MATERIAL SUPPLIED.
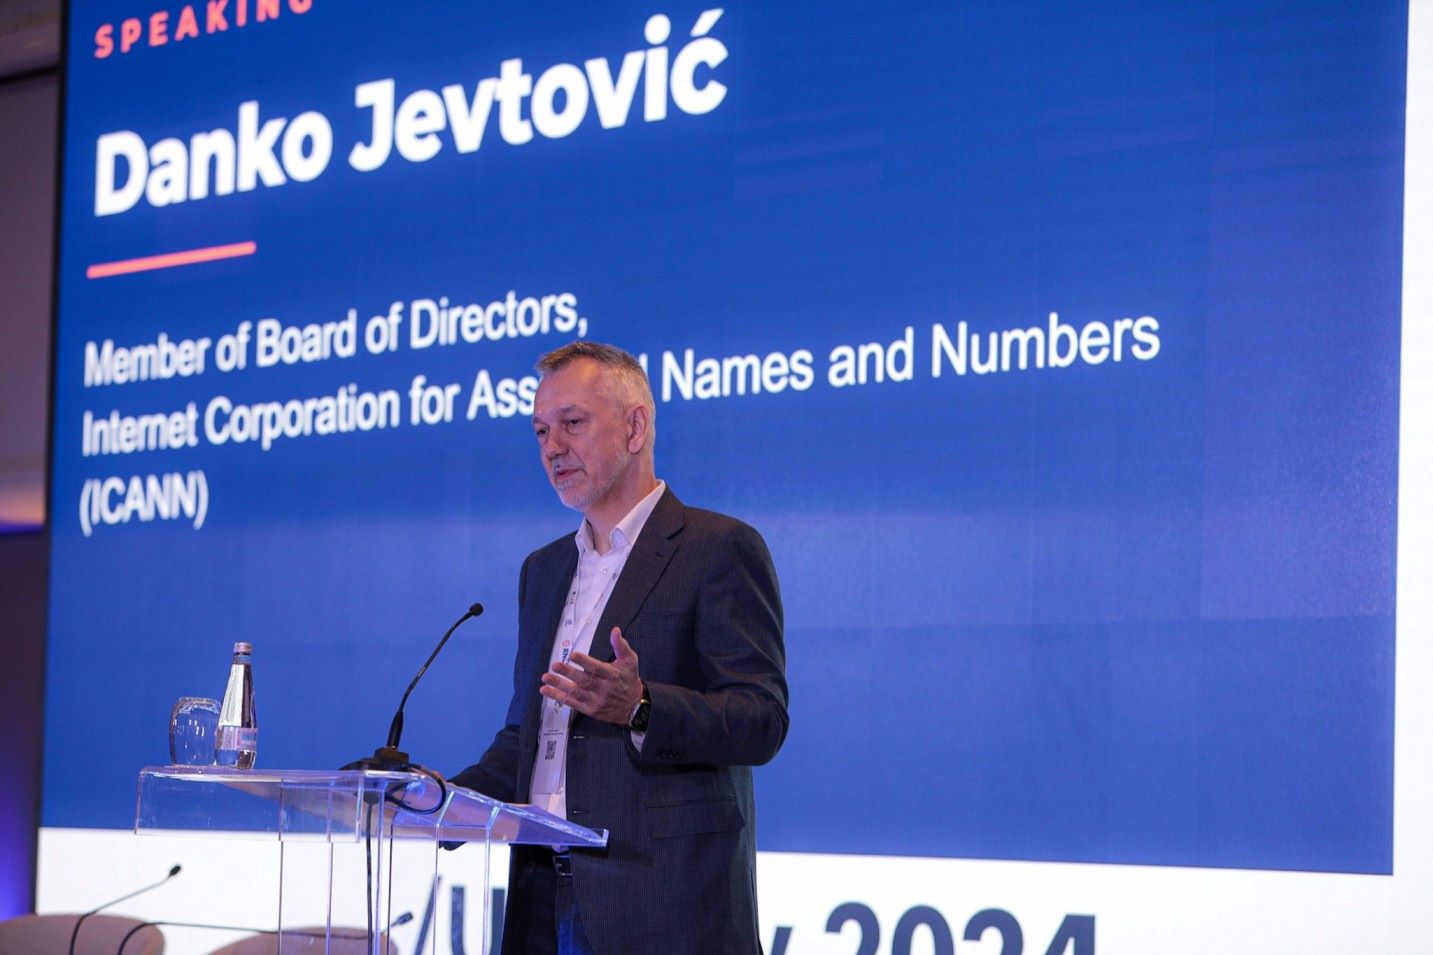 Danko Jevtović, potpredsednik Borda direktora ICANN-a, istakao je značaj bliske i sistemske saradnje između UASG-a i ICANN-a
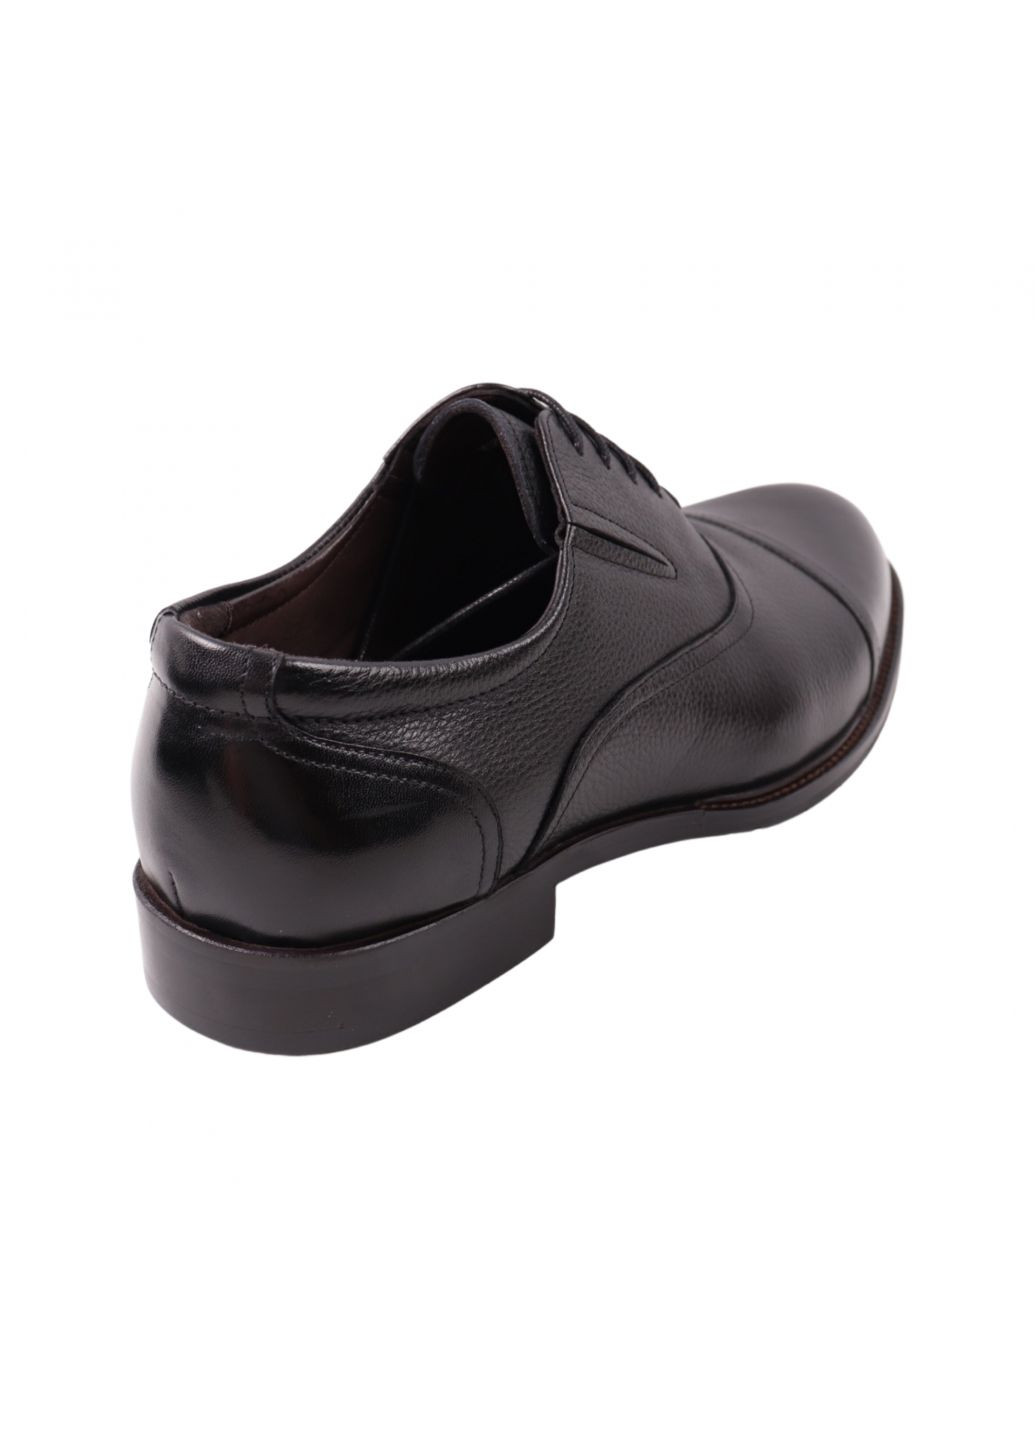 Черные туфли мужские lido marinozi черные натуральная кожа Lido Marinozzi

---

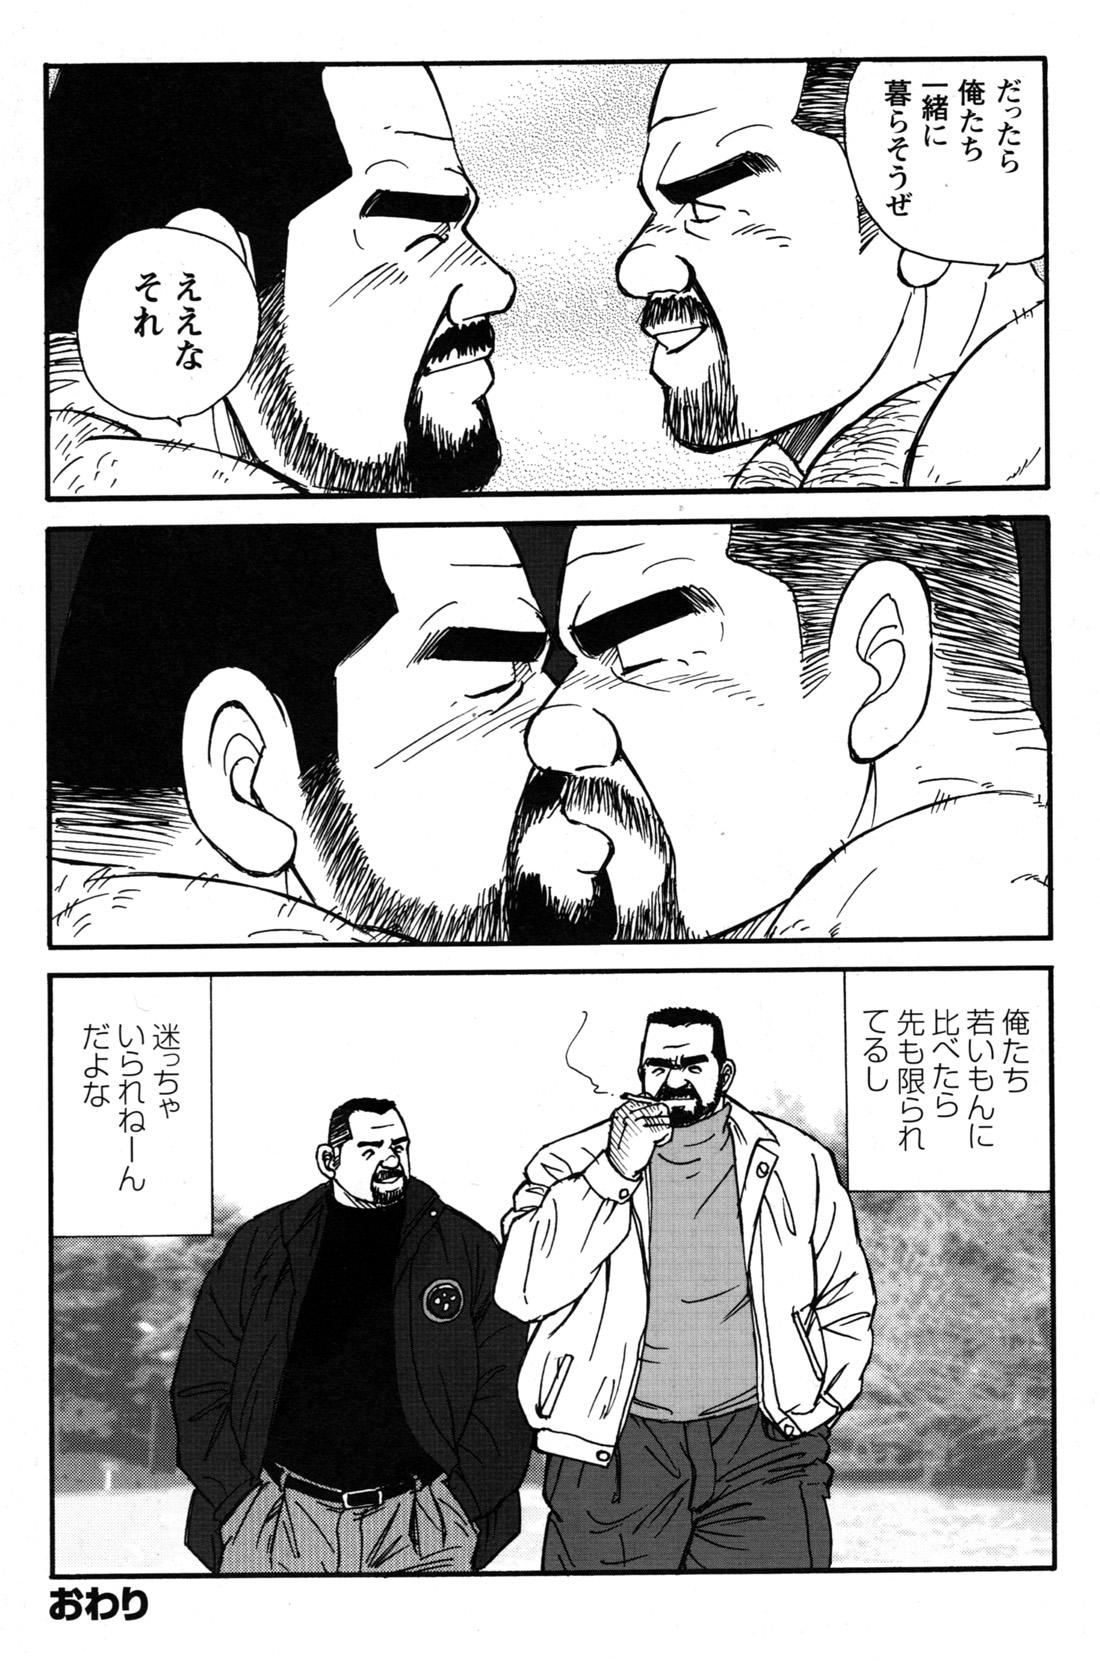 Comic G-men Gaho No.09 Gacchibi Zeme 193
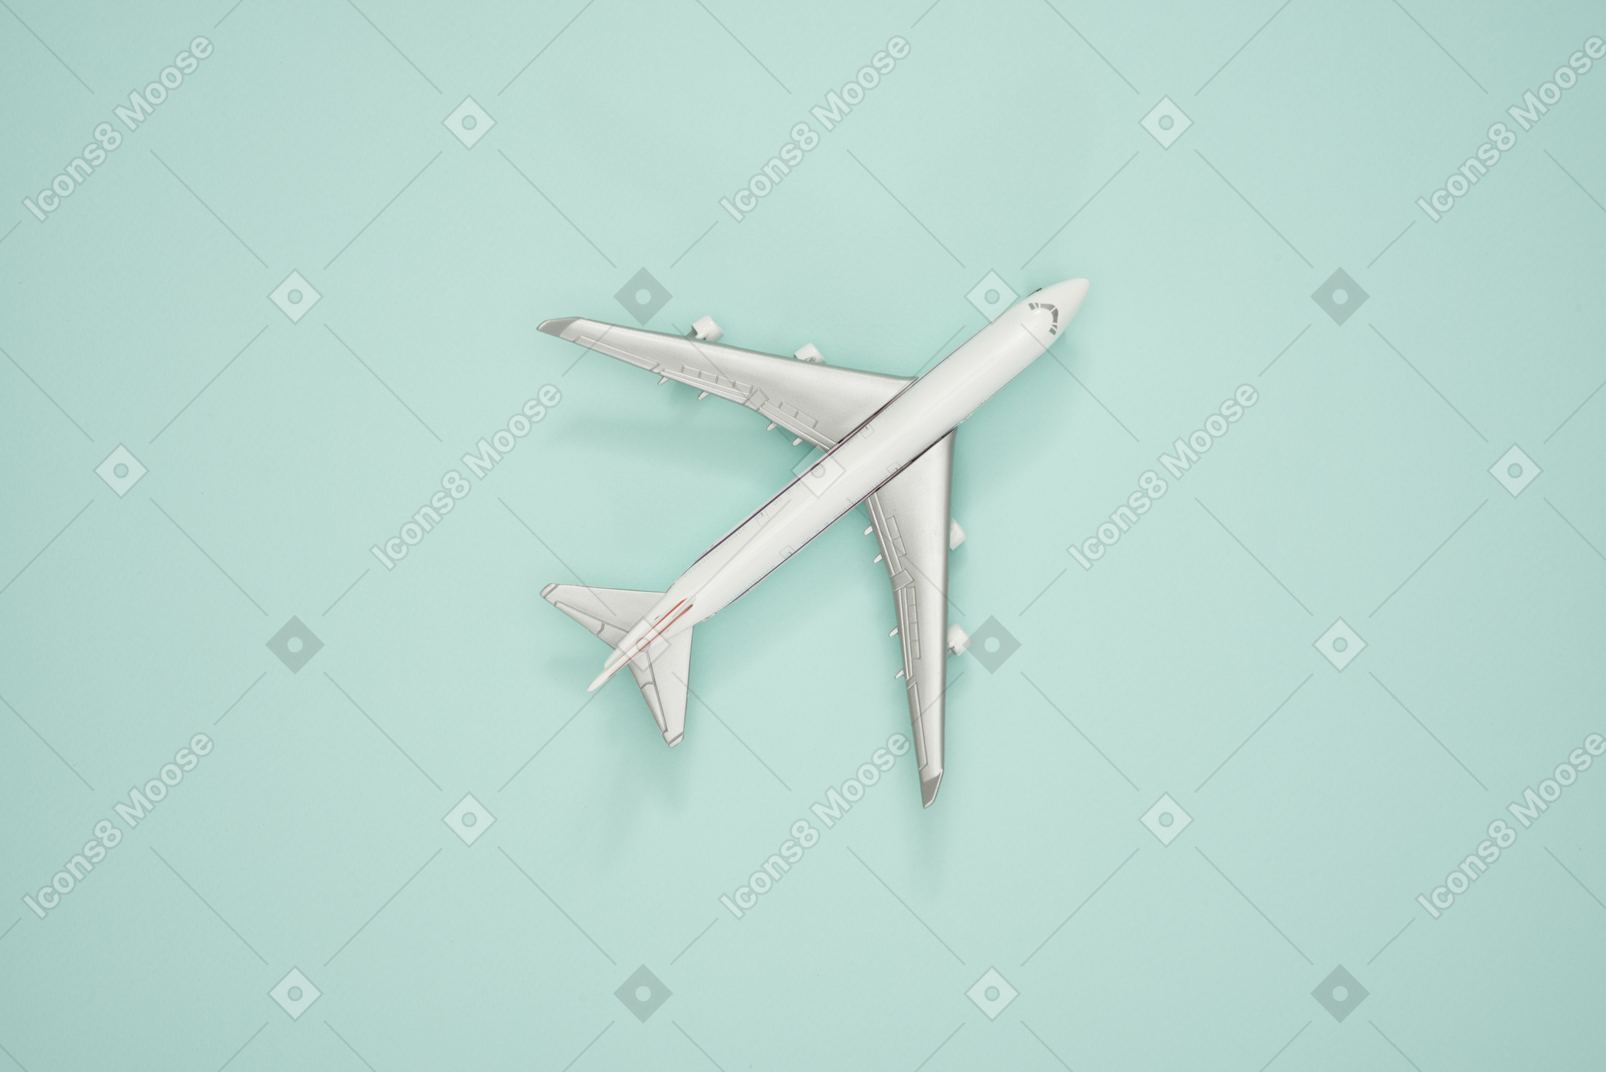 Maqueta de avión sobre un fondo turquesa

AIM OF THE EXERCISE.
Above are records with pictures. Reproduce exactly only the lines from the line with "Danko Jevtović, potpredsednik" through the line with "Черные туфли мужские", both ends included, and leave the pictures out.

SOLUTION TO THIS PROBLEM.
 Danko Jevtović, potpredsednik Borda direktora ICANN-a, istakao je značaj bliske i sistemske saradnje između UASG-a i ICANN-a
 Черные туфли мужские lido marinozi черные натуральная кожа Lido Marinozzi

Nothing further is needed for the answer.